|
Archive
BALANCED MEASURES STUDY
KAISER PERMANENTE – CORPORATE HQ
SITE: Conference Call with Kaiser Permanente - Corporate
DATE: May 5, 1999
TIME: 2:30 – 3:30 PM
PARTICIPANTS: Deb Lowry, Director Market Performance Appraisal
Group, Kaiser Permanente, Oakland California
NPR Team: Betsy Currie, Amy Hertz, Curt Marshall, Kathy Monahan
OVERVIEW:
- Kaiser Permanente (KP) is one of the nations leading health care organizations.
It is a non-profit, group-practice health maintenance organization (HMO) with
headquarters in Oakland, California. Kaiser Permanente serves members in 18
states and the District of Columbia. Kaiser Permanente has more than 90,000
technical, administrative and clerical employees and 10,000 group-practice
physicians representing all specialties. There are 8.6 million voluntarily
enrolled members, most of whom join through their employer.

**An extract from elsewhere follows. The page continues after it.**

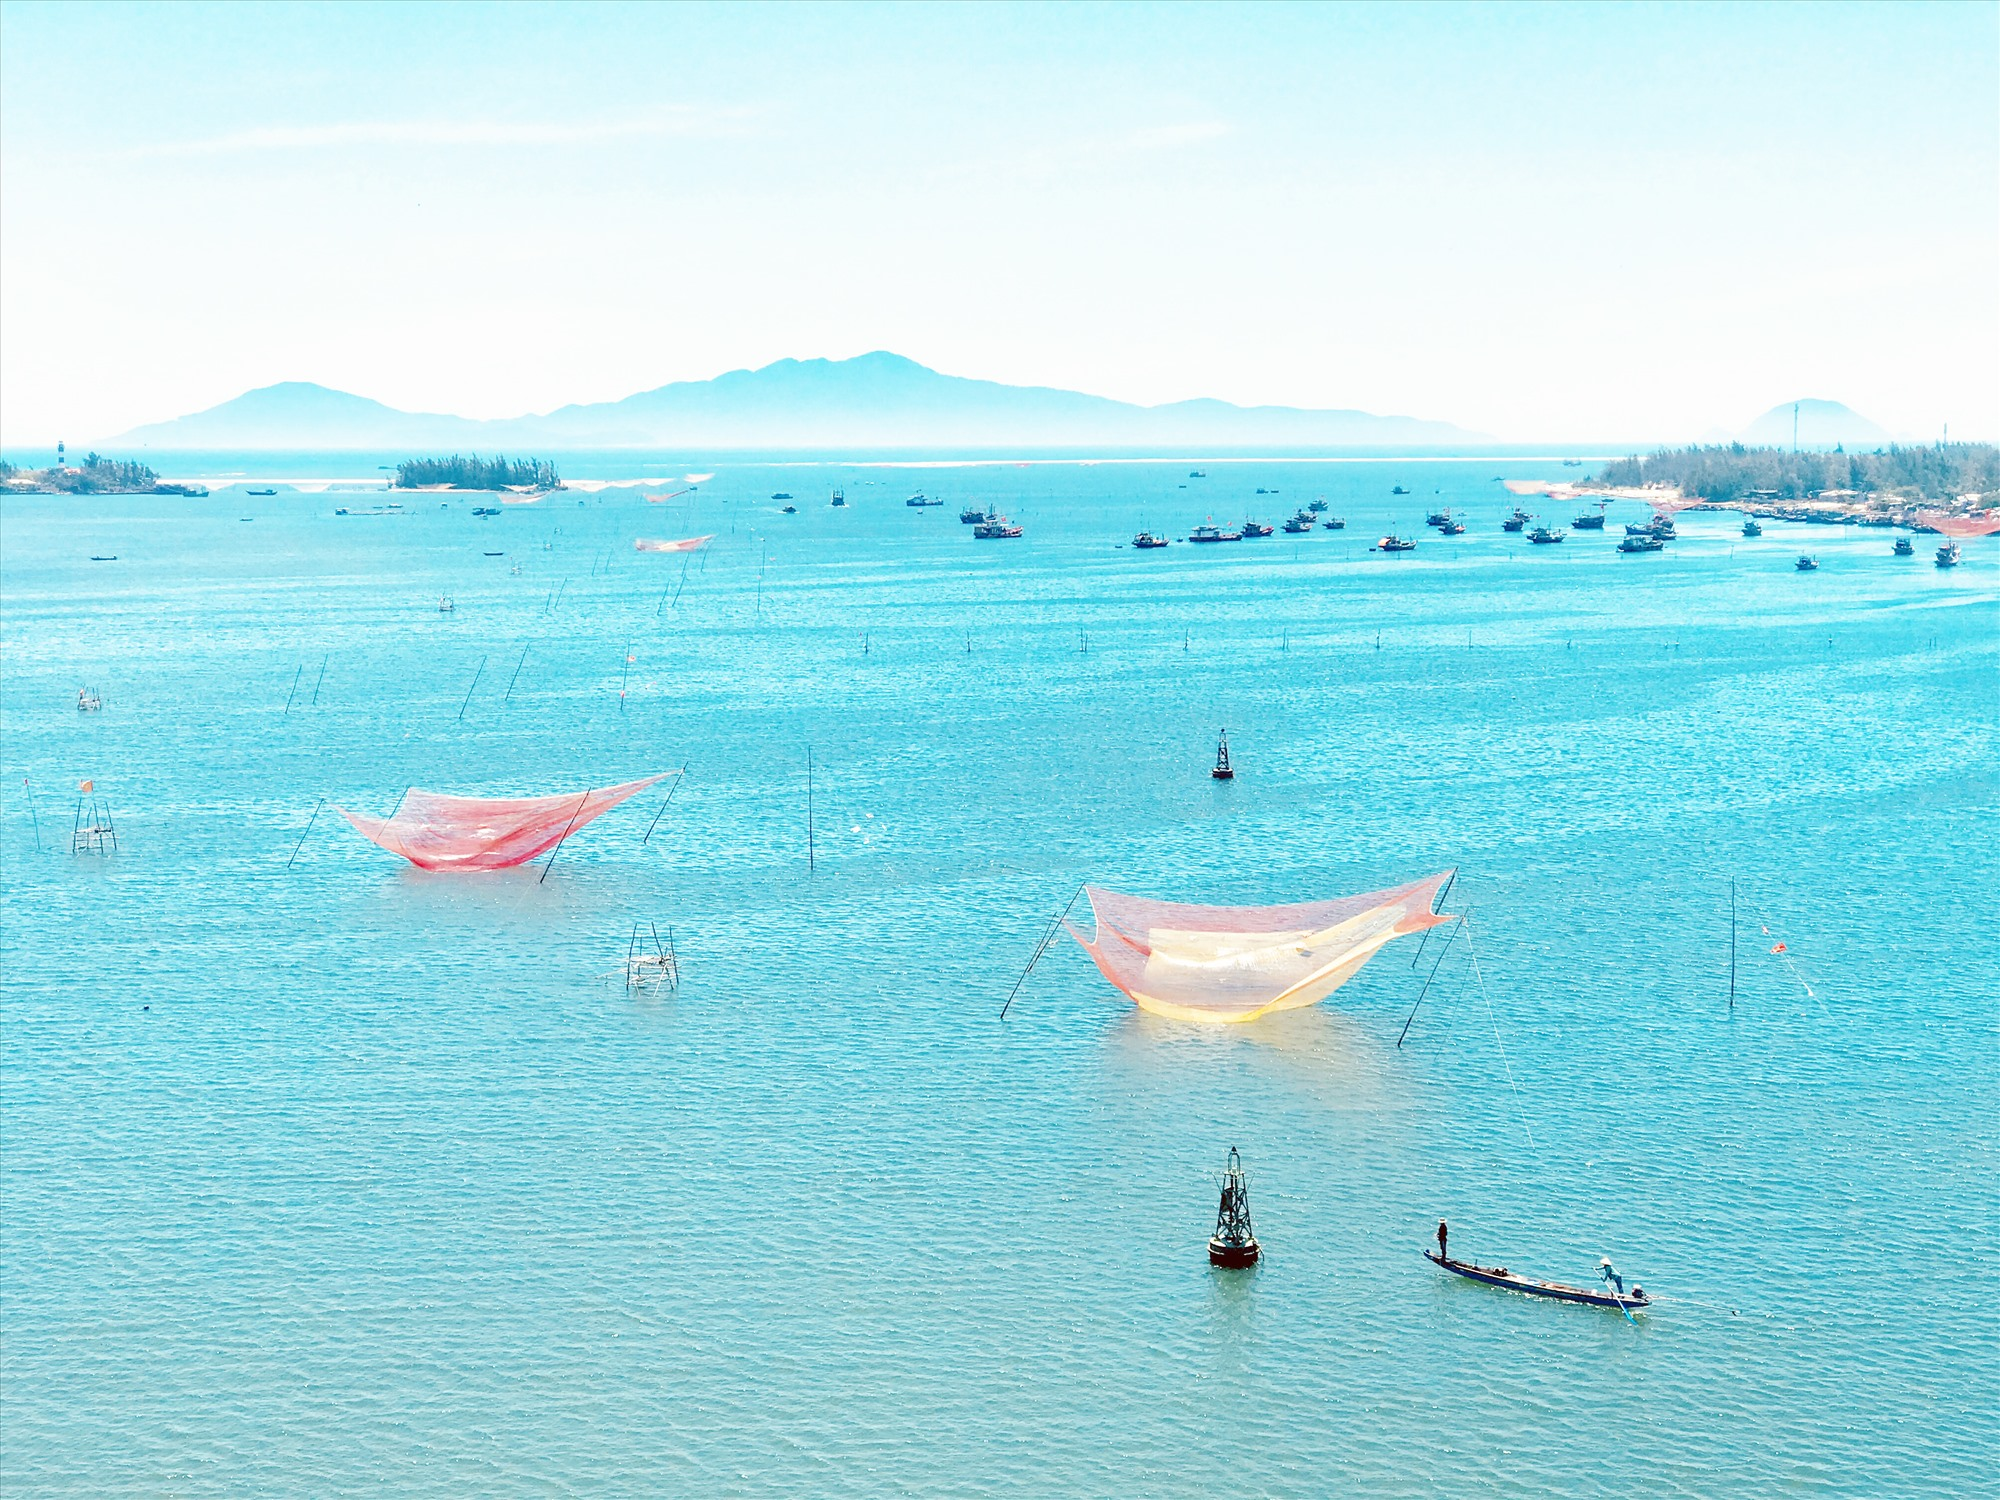 Sông Thu Bồn đổ ra Cửa Đại. Ảnh: Quốc Tuấn
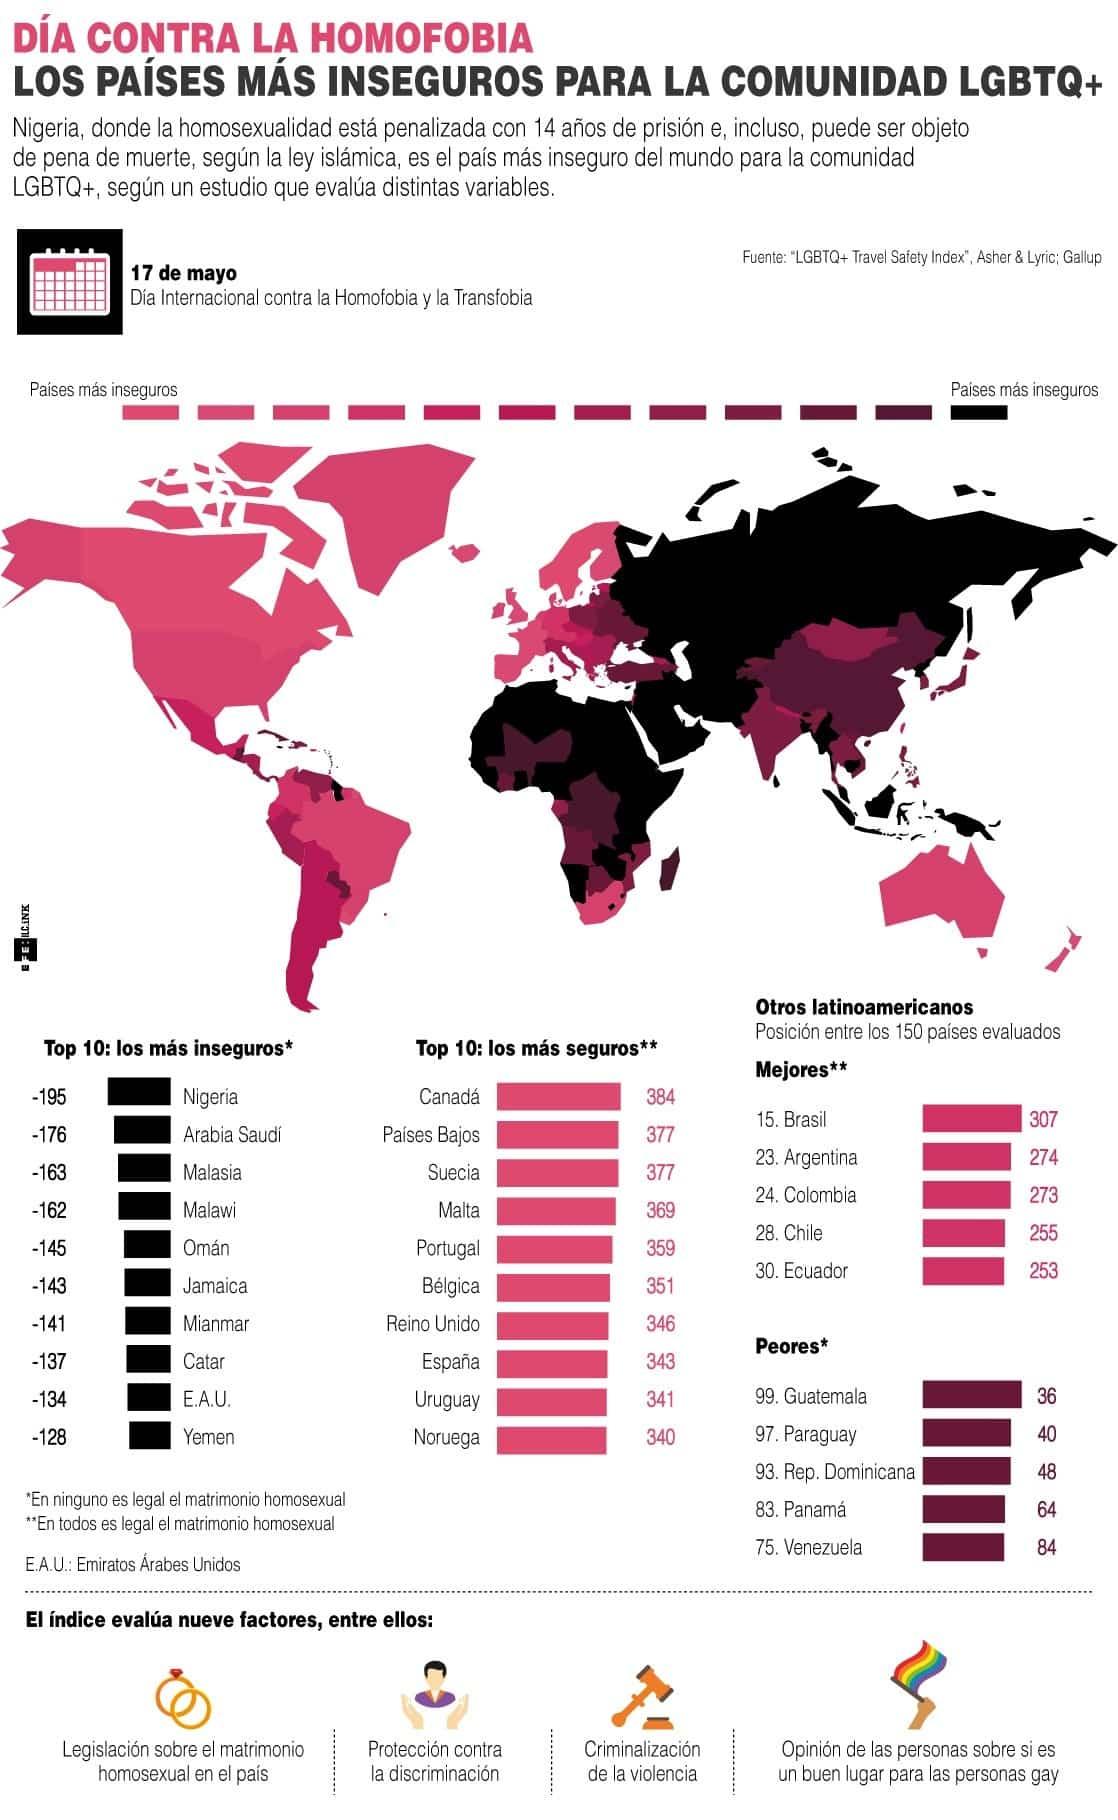 [Infografía] - Los países más inseguros para la comunidad LGBTQ+ 1

- KP has been involved in a formal performance measurement process for about
5 years. The corporate wide scorecard is undergoing some redevelopment and
is currently not in use. Each region also uses their own scorecard based on
various indices.
- From a broad "Scorecard" perspective, the focus is on
- Quality of Services
- Satisfaction with service and care
- Outcome of Services
- Affordability
- Accessibility
- Availability
ESTABLISHING A BALANCED SET OF MEASURES:
- KP’s mission is to provide care of the high quality health care and to improve
the health of its members and communities. Quality is measured by effective
individual clinical treatment, patient and customer satisfaction with services
received, efficiency at all levels, and appropriate use of resources to improve
the health status of its membership
- KP is working on alignment and standardization of these measures and incorporating
them into the budgeting and planning
- Criteria for use of measures into the balanced corporate view:
- Data is available and consistently available across the organization
- External numbers for benchmarks or comparisons exist (i.e. HEDIS quality
measures)
- Balance between local and national measures; and leading and lagging indicators
- Timeliness
- Moving toward more outcome based measures
- Focus on consistent use of measures that conform across the organization,
increase sharing of information.
- Focus on metrics that represent policies of performance
ACCOUNTABILITY:
- Identify measures and data in collaboration with Regions
- Rely on the local data
- Outside auditors review HEDIS performance measures. Compliance with outside
accreditation organizations
- Quarterly Performance Management meetings are held with the senior leaders
in each KP Region. Provides a better understanding of issues and trends across
the country (similar/unique). Fosters a dialogue around performance and metrics
- Some incentives tied to quality, service and financial performance includes
some labor unions; some medical groups; some management levels. This varies
by location.
DATA COLLECTION AND REPORTING:
- Monthly reporting
- Monthly teleconferences with the regions to ensure data consistency
- Each KP region has their own information system. Collection of data occurs
electronically or by facsimile from the Region to the corporate office.
ANALYSIS AND REVIEW:
- KP continues to repackage the performance results and information to catch
people’s attention. Keep it fresh
- Internal reporting to employees
- Introduce performance measures to management – conducting monthly and quarterly
monitoring process
- Intranet used to share results
EVALUATING AND UTILIZING AND REPORTING TO CUSTOMERS AND STAKEHOLDERS:
- Partner with Communications Dept. to promote performance improvement testimonies
- Public opinion important to KP
- Customer Surveys –
- Individual members and non-members – quarterly surveys
- Private purchasers and non-purchasers– less frequently
- Employee surveys measure satisfaction and quality in work environment
STRATEGIC PLANNING:
- Benchmark with other HMOs and NCQA
BEST PRACTICES:
- Established labor/management partnership two years ago to develop performance
metrics from the labor point of view
- Each Region selects what works well (i.e. Northeast Region sent out a quarterly
scorecard along with each employee’s paycheck)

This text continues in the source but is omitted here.